Three African countries rank among world’s top gas-flaring nations

Nigeria, Libya and Algeria have been listed among the world’s biggest gas-flaring countries, raising fresh concerns over Africa’s ability to turn its oil and gas resources into power, revenue and industrial growth.

Three African countries rank among world’s top gas-flaring nations
Nigeria, Libya and Algeria among world’s biggest gas-flaring countries

Nigeria, Libya and Algeria have been listed among the world’s biggest gas-flaring countries, raising fresh concerns over Africa’s ability to turn its oil and gas resources into power, revenue and industrial growth.

  • Nigeria, Libya and Algeria are among the nine countries responsible for most global gas flaring.
  • The World Bank said the top nine countries accounted for 83% of global flare volumes in 2025.
  • The list also includes Russia, Iran, Iraq, Venezuela, Mexico and the United States.
  • The report raises fresh concerns over Africa’s ability to convert oil and gas resources into power, jobs and revenue.

The three African countries appeared in the World Bank’s June 2026 Global Gas Flaring Tracker Report among nine countries that dominate global gas flaring.

The report said Russia, Iran, Iraq, Venezuela, Mexico, Libya, Algeria, Nigeria and the United States accounted for 83% of global flare volumes in 2025, while producing only 46% of the world’s oil.

That means a small group of countries is responsible for most of the world’s gas flaring.

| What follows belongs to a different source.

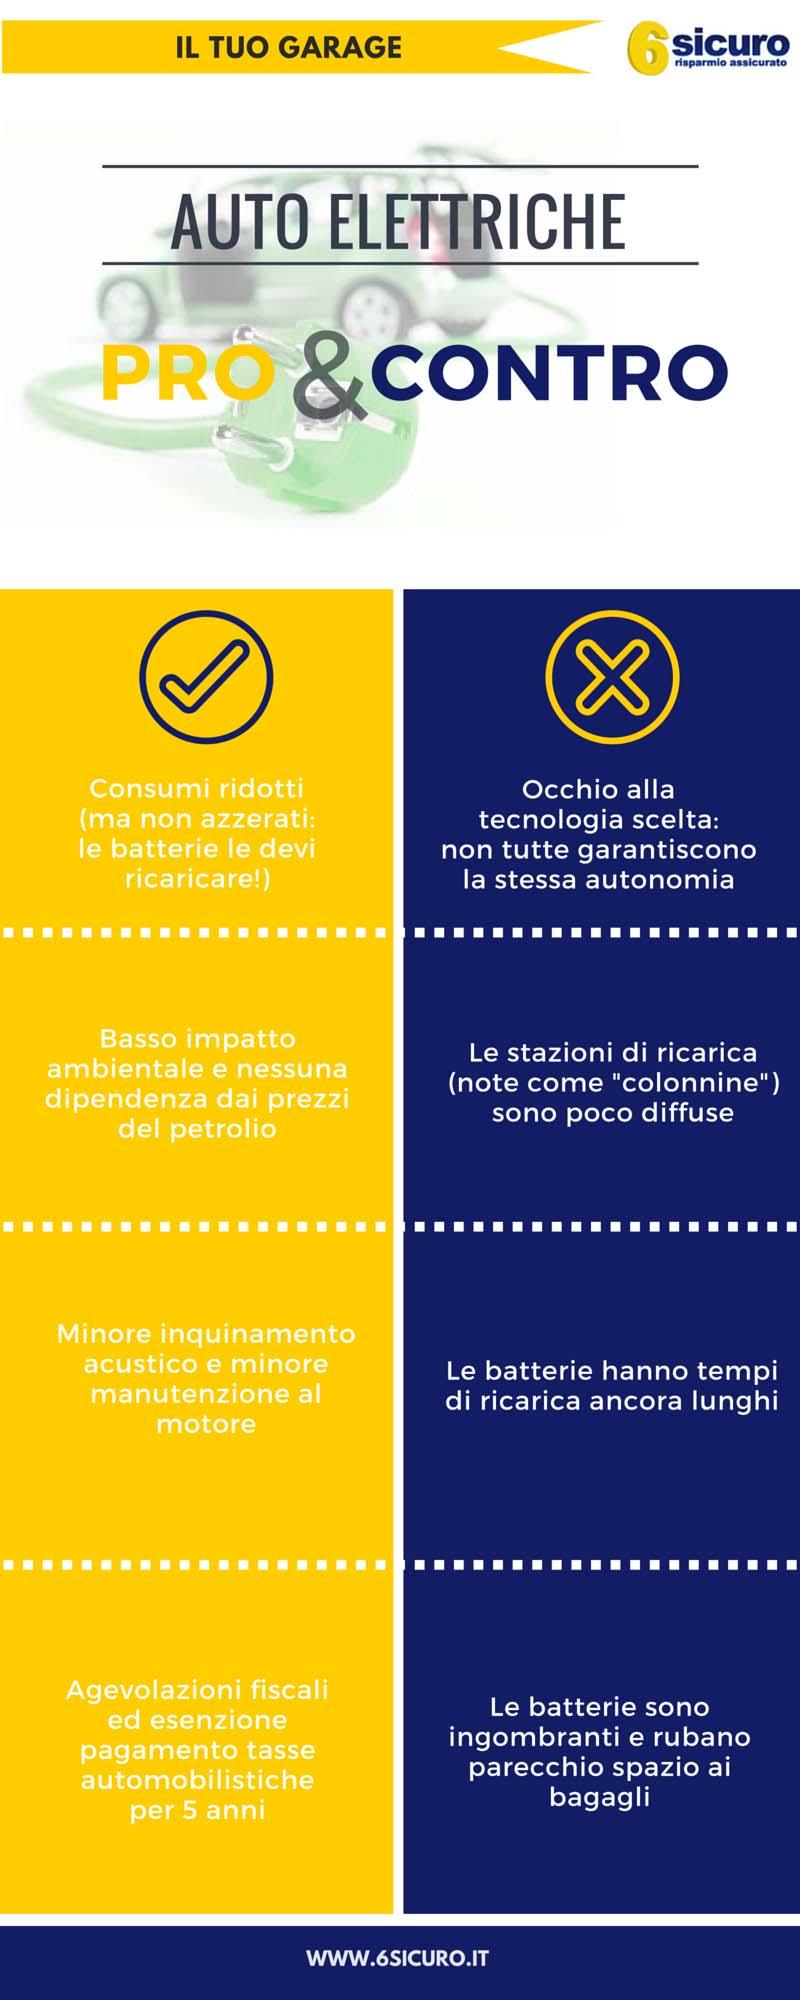 Auto elettriche Pro&Contro

The World Bank said the concentration also means targeted action by a few governments and operators could produce major results.

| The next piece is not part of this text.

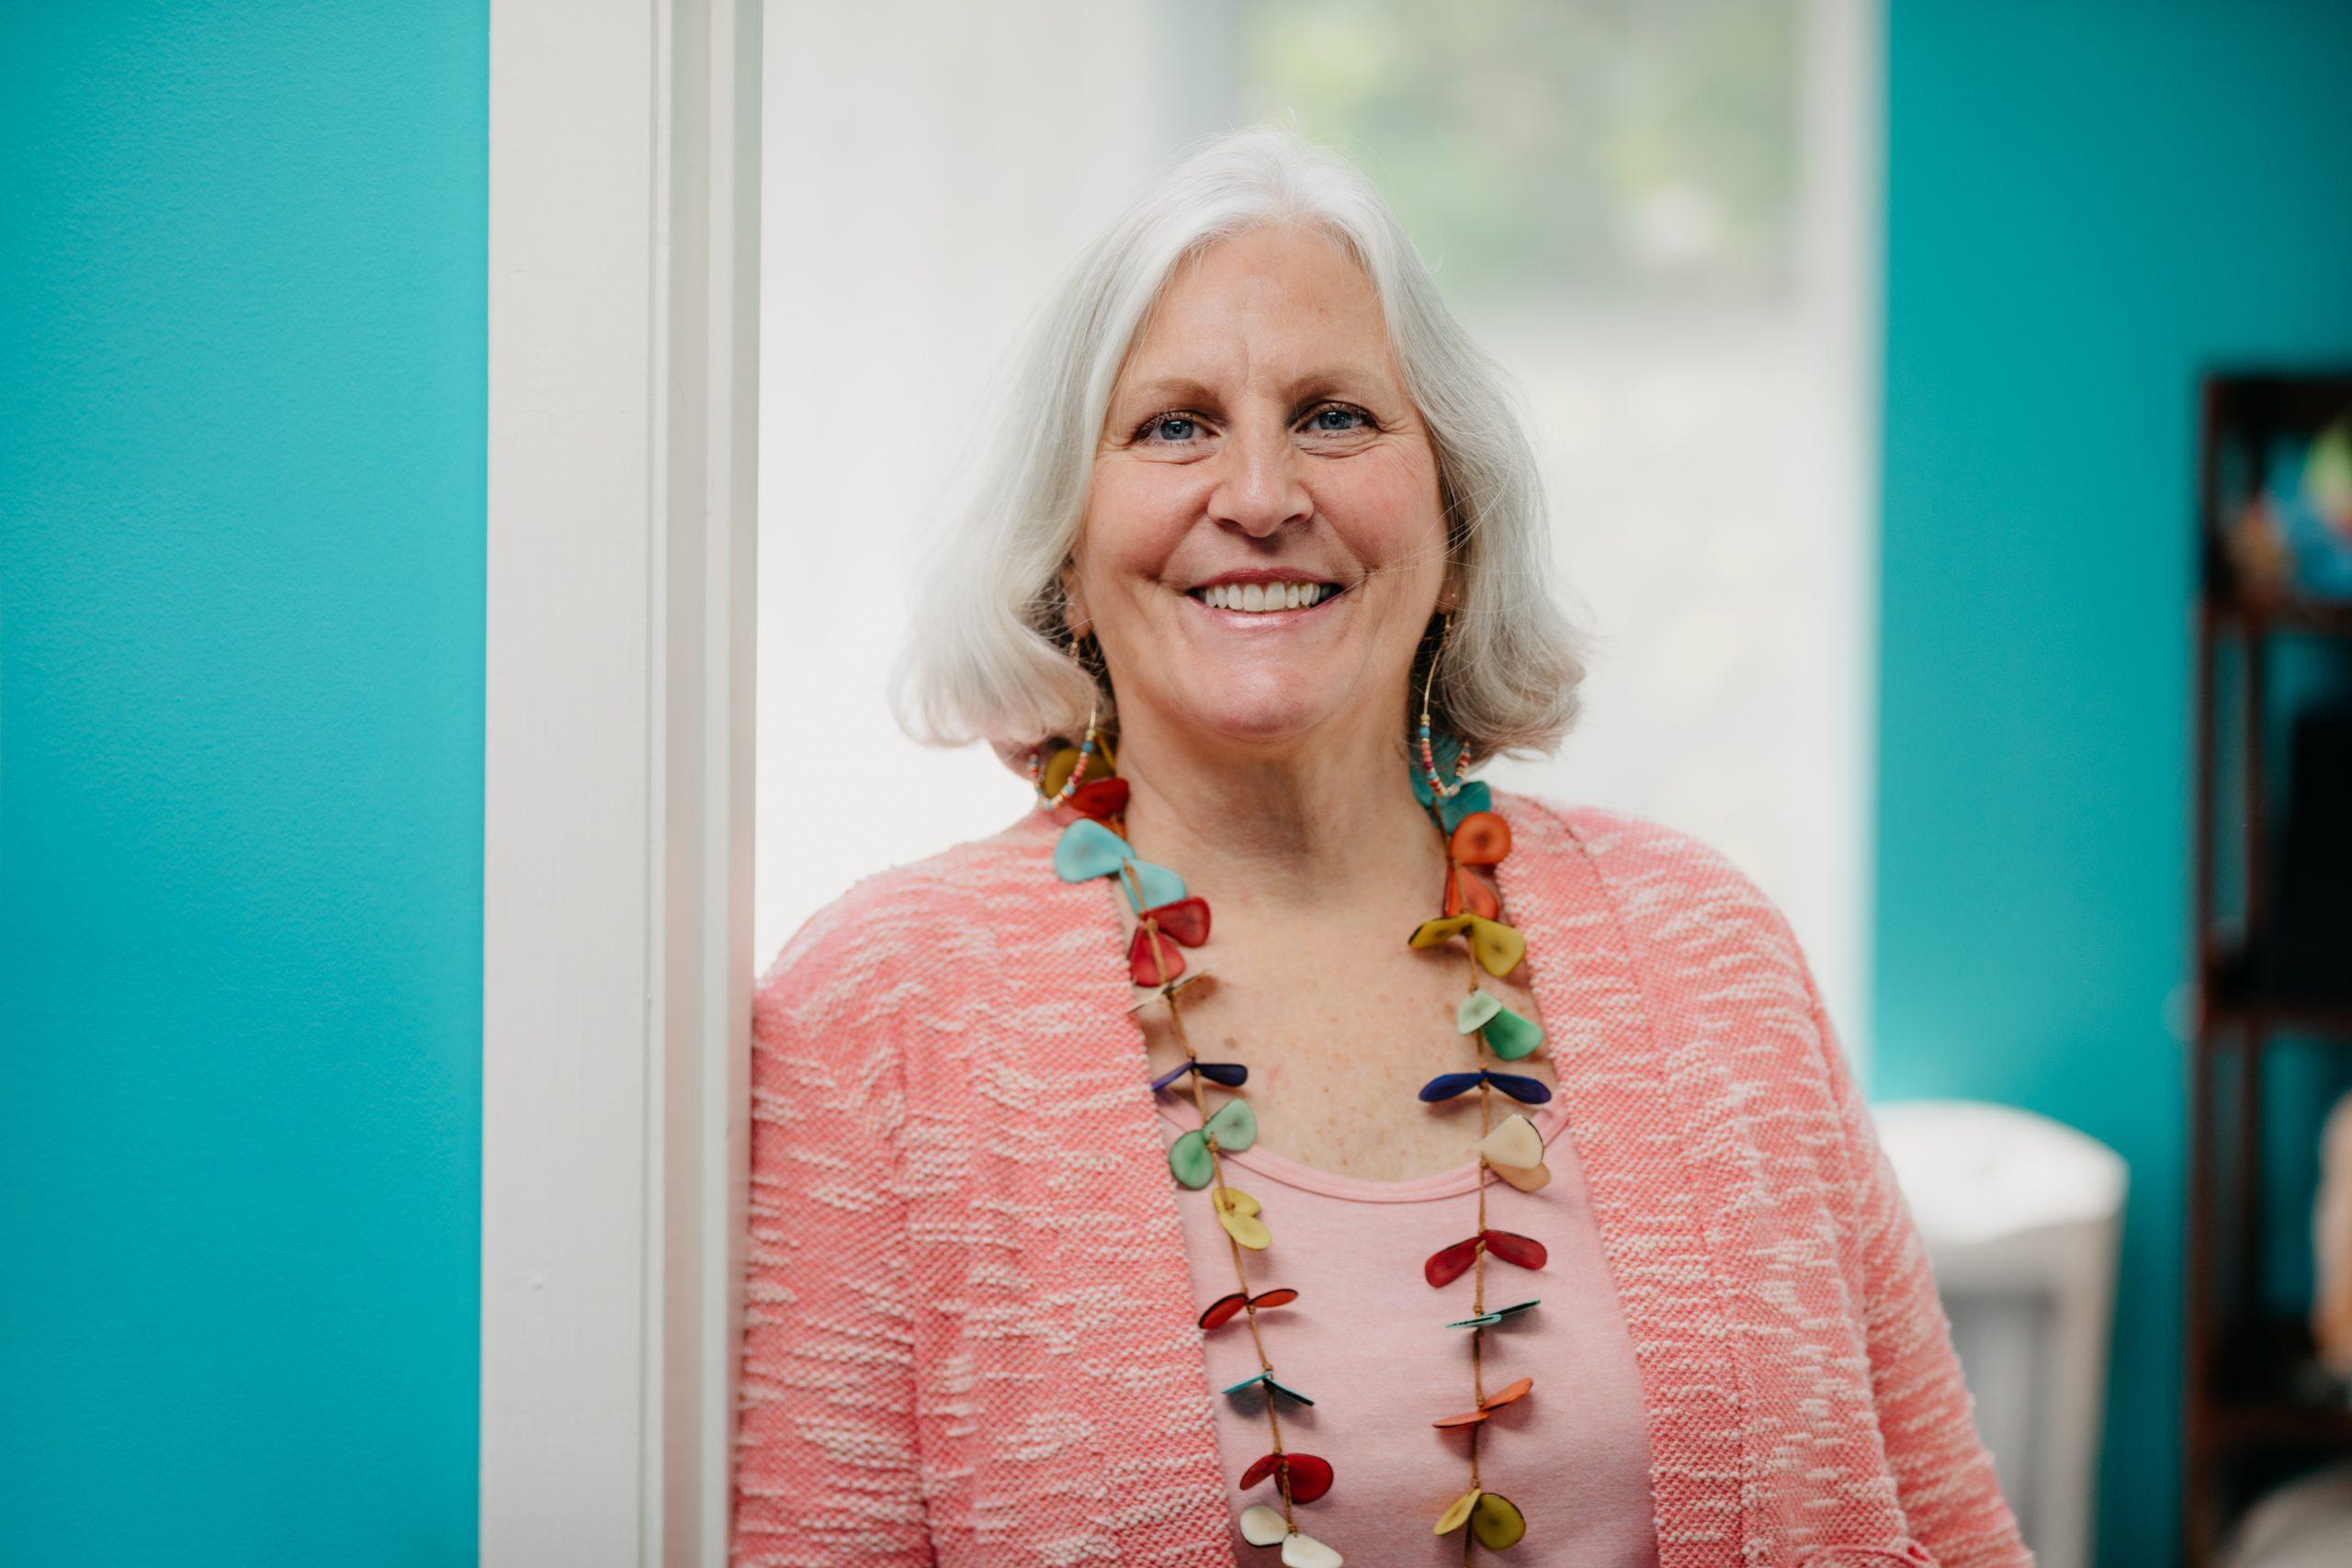 Dr. Alison Hazelbaker

All three are major oil and gas producers, yet they continue to face challenges converting associated gas into domestic energy, export revenue and industrial input.

Nigeria has long promised to reduce gas flaring and has built policy around its “Decade of Gas” agenda. But it remains among the world’s largest flaring countries, despite chronic power shortages and growing demand for domestic gas.

Libya and Algeria also remain important African producers, with large hydrocarbon reserves and strategic energy links to Europe.

Their continued presence on the global flaring list highlights a wider challenge across African oil economies: crude production often receives more attention than gas capture, processing, transport and domestic use.

The World Bank said the top nine flaring countries have dominated global flaring for the past 15 years.

It also said the remaining 90-plus countries with recorded flaring accounted for only 17% of global flare volumes, despite producing 54% of the world’s oil.

That shows oil can be produced with far lower levels of flaring when infrastructure, regulation and commercial incentives are in place.

The report said flaring intensity remained largely unchanged in Nigeria and Libya in 2025, while Algeria recorded a 3% increase.

Flaring intensity measures the amount of gas flared per barrel of oil produced. The World Bank said it is an indication of how well a country is recovering and using associated gas.

If flaring intensity is rising, the report said, it suggests that a country has more opportunities to recover and use its gas.

The report also noted that Angola and the Republic of Congo remain important African flaring countries, even though they are outside the top nine.

This places Africa at the centre of the global debate over gas waste, energy access and oil sector governance.

The World Bank said gas flared globally in 2025 was worth an estimated $54 billion and could support electricity, clean cooking and industrial activity if captured and used.

It described continued flaring as a “warning signal.”

For Nigeria, the finding comes despite repeated regulatory efforts to cut flaring, impose penalties and encourage gas commercialisation.

Recent industry data from Nigeria have shown some improvement in gas production and flare intensity, but the World Bank ranking suggests the country still has a long way to go.

The issue is not only environmental. It is also economic.

Gas that is flared cannot support power plants, fertiliser production, petrochemicals, clean cooking or export earnings.

For African governments trying to attract energy investment and expand electricity access, continued flaring weakens the case that existing resources are being used efficiently.

The World Bank said countries that have committed to the Zero Routine Flaring by 2030 initiative have generally performed better than those that have not.

But with only four years left to meet the target, the report warned that the gap between current trends and ending routine flaring is widening.